青蛇甚至冲着小狼道:「你和君子狼也可以走了,我这个地方有上好的伤药赠送。」分化瓦解,见机行事,一向是青蛇的强项。
在这点上,连白蛇也不得不佩服。
一旦君子狼和小狼走了,剩下受了伤的孙五、旋即、方灏,就算加上虽没有受伤,但没有暗器可发的花童和武功最弱的孙兰,即使司空见惯不出现,白蛇也有把握打赢。

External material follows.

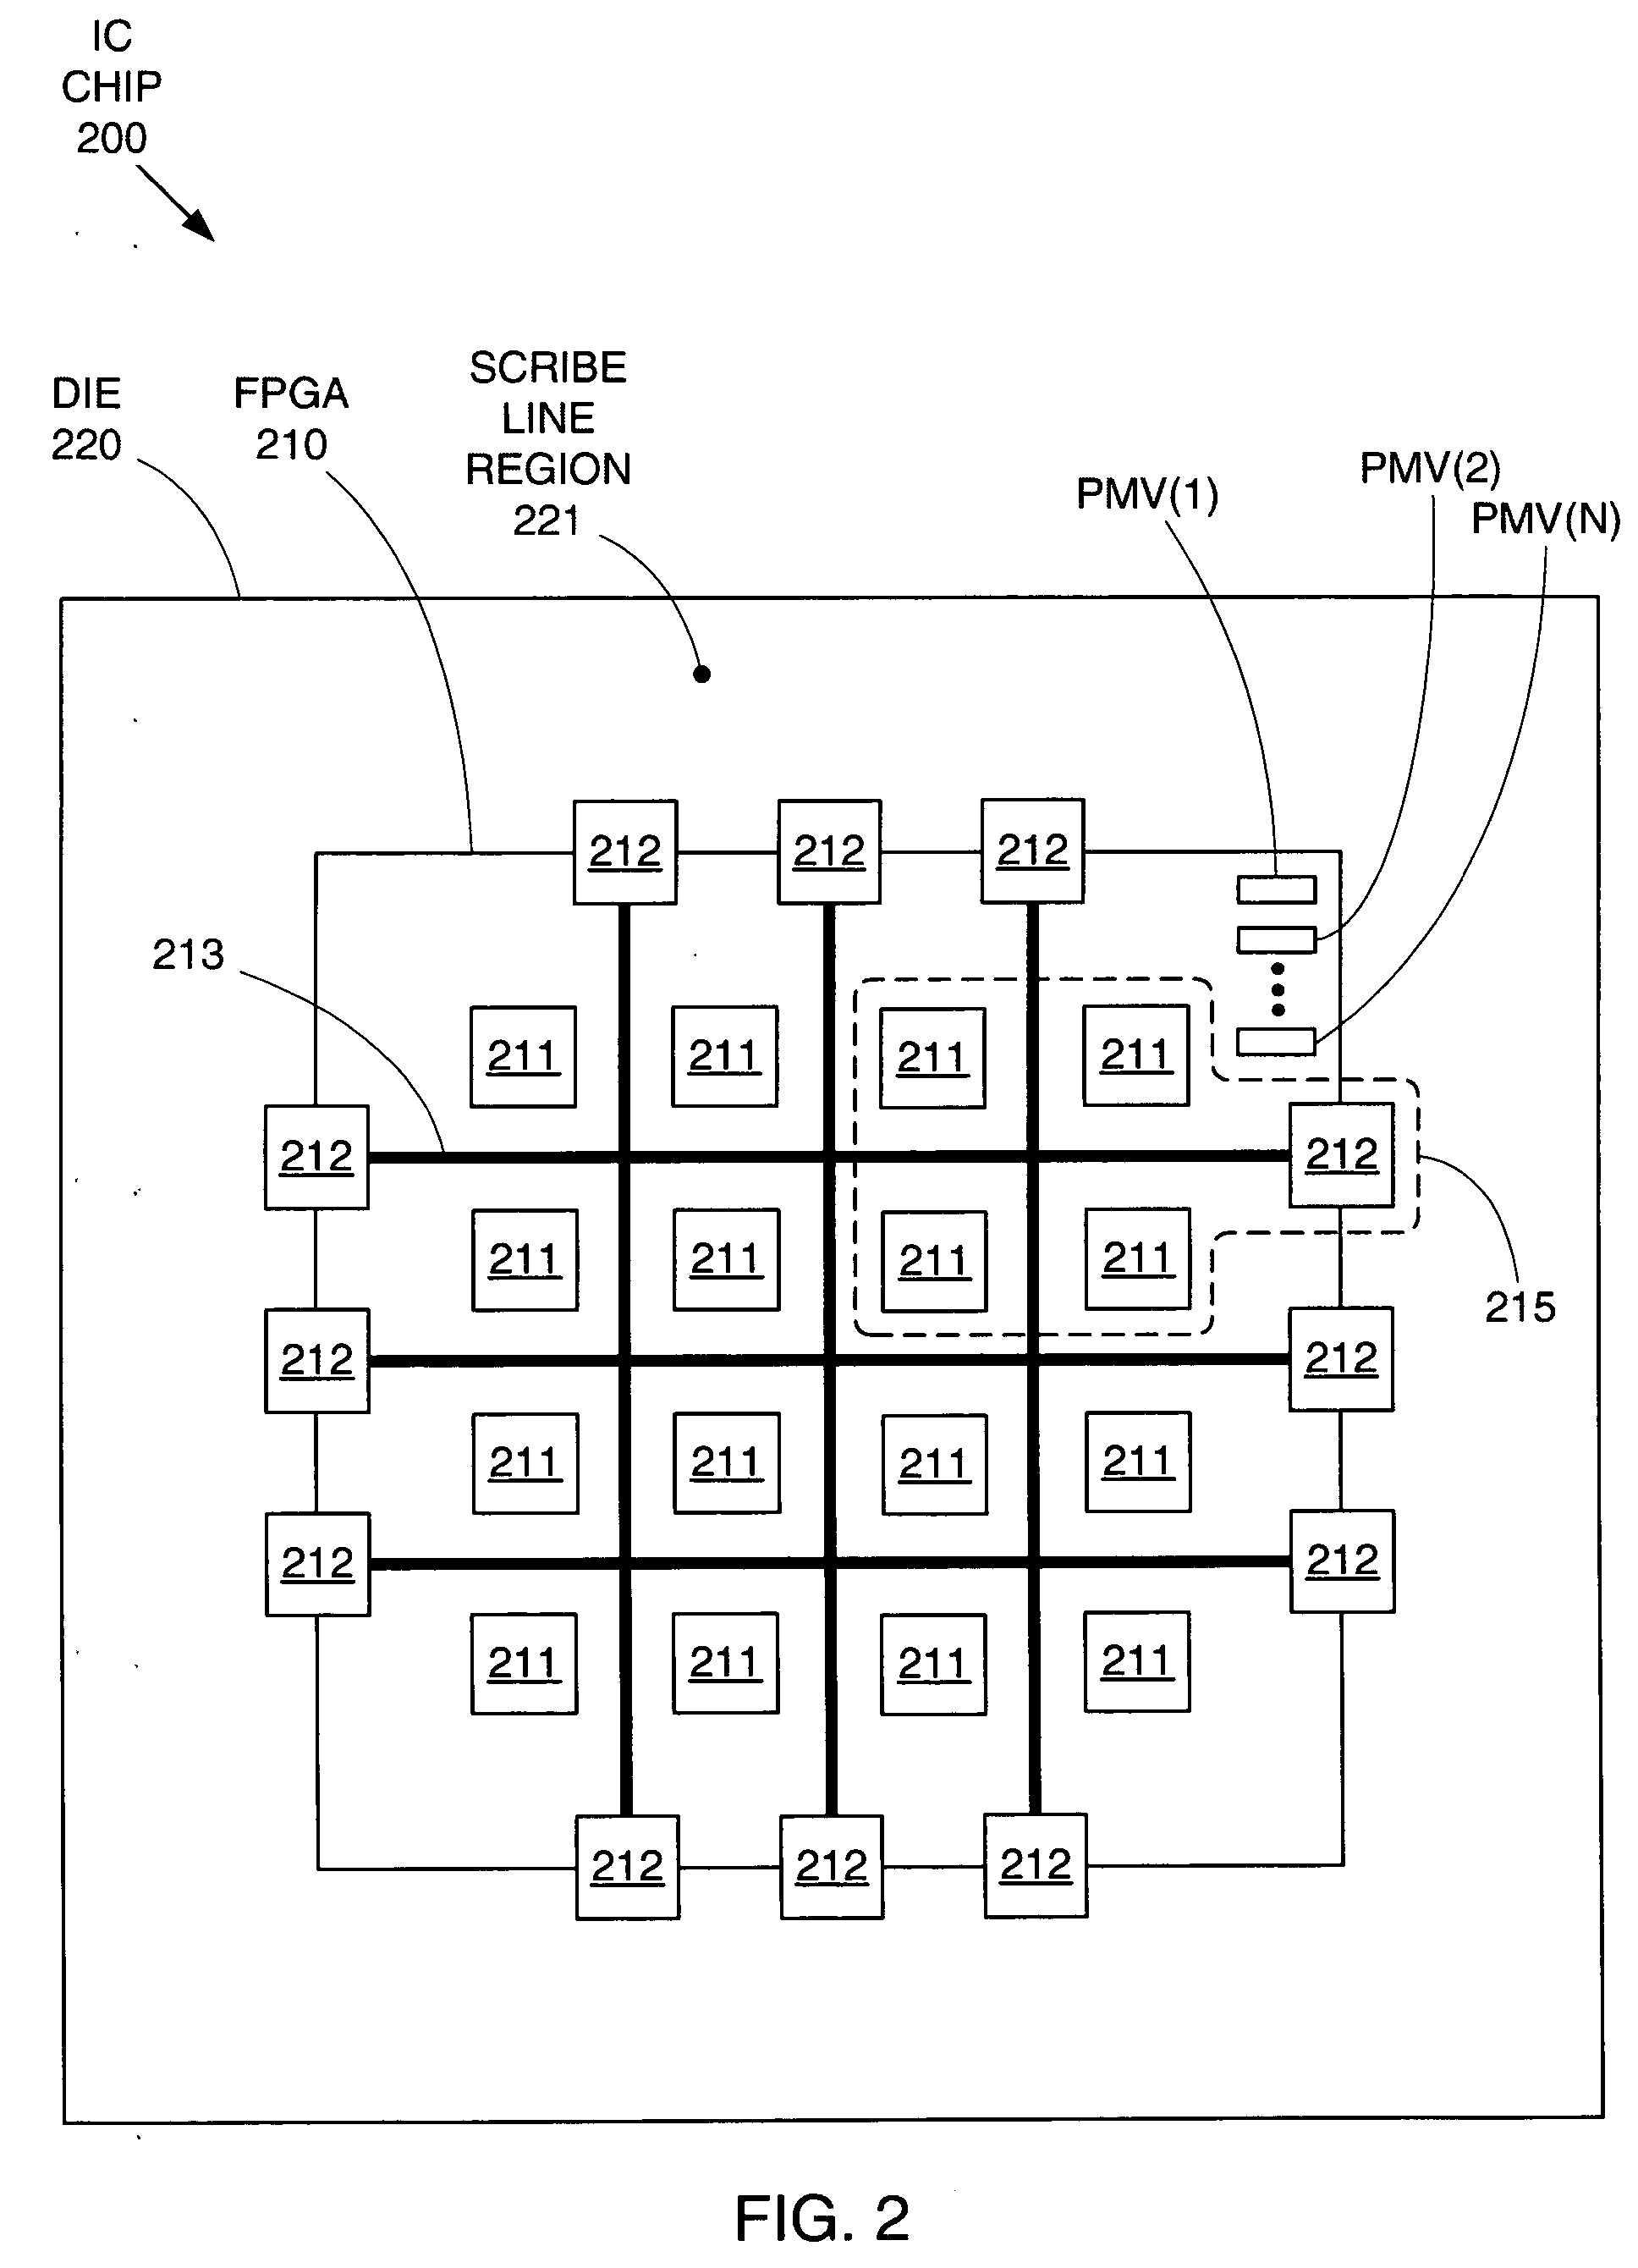 Characterizing circuit performance by separating device and interconnect impact on signal delay

孙兰不好阻止西门闷带着晕过去的王豹走,她不想再欠王豹。她见过白蛇和青蛇的出手,恍然大悟若是小狼和君子狼再走,自己这方目前情况非败不可。
孙兰跺脚,冲着小狼道:「你不许走。」
小狼一愣,吃惊地问:「脚长在我身上,我想去哪里就去哪里,你凭何管我?」
「我……」孙兰强词夺理道:「刚才可是你最先和夏侯羽交手的,他们都是和夏侯羽作战才受的伤,你不能不讲江湖道义。」
小狼听不恍然大悟孙兰是怎样把自己绕进去的,也不分辨,就问一句话:「可夏侯羽已经走了呀。」
青蛇点头,啧啧笑言:「不错不错,小兄弟说的极是。咱们无冤无仇,犯不上拼个你死我活。」
小狼转眼睨视青蛇,怒道:「你又凭何管我?」
青蛇笑不下去了,这年青人就像只刺猬,浑身是刺,不看山水,不计后果。
小狼忿忿道:「我走不走,是我的事。」他捡起自己的宝刀,来到孙五跟前,大大方方地问:「那个何玉玺,究竟在没在你身上?」
孙五摇头,他被夏侯羽一刀削中右臂,割掉好大片肉,疼得满脸斗大的汗珠。
小狼冲白蛇道:「还是你讲道理,你看他业已说过了,并没有什么玉不玉玺的。」
白蛇冰冷的面上没有丝毫表情,反问道:「你和孙五是朋友?」
小狼虽说右腿中剑,血犹是自包扎的布条缓缓往外渗。他却一点都不在乎,还能笑得出来。小狼摇头道:「素未谋面,我一人强盗怎么可能和保镖的是朋友?」
白蛇继续问:「既然不是朋友,你就轻易相信他的话?」
小狼自得笑言:「因为他跟王豹长得像呀,他们这样的人,是不会骗人的。」他咧了咧嘴,冲老板娘道:「姐,柜上还有没有酒,给兄弟来两碗。」
众人都被他的话惊到,此物年青人做事全凭直觉,这样子了还要找酒喝。
老板娘从柜台后边一人角落里,拿出一坛子酒。深褐色的大坛子,足有二十斤。吃力地摆到大厅右首的桌子上,展颜道:「兄弟运气好,这十年陈的‘春风不醉’也就最后两坛了。」
小狼瘸着走上前,拍开封泥,一股浓烈的酒香飘满大厅。就是不会喝酒的人,也能闻得出,这酒又醇又烈,难得一见。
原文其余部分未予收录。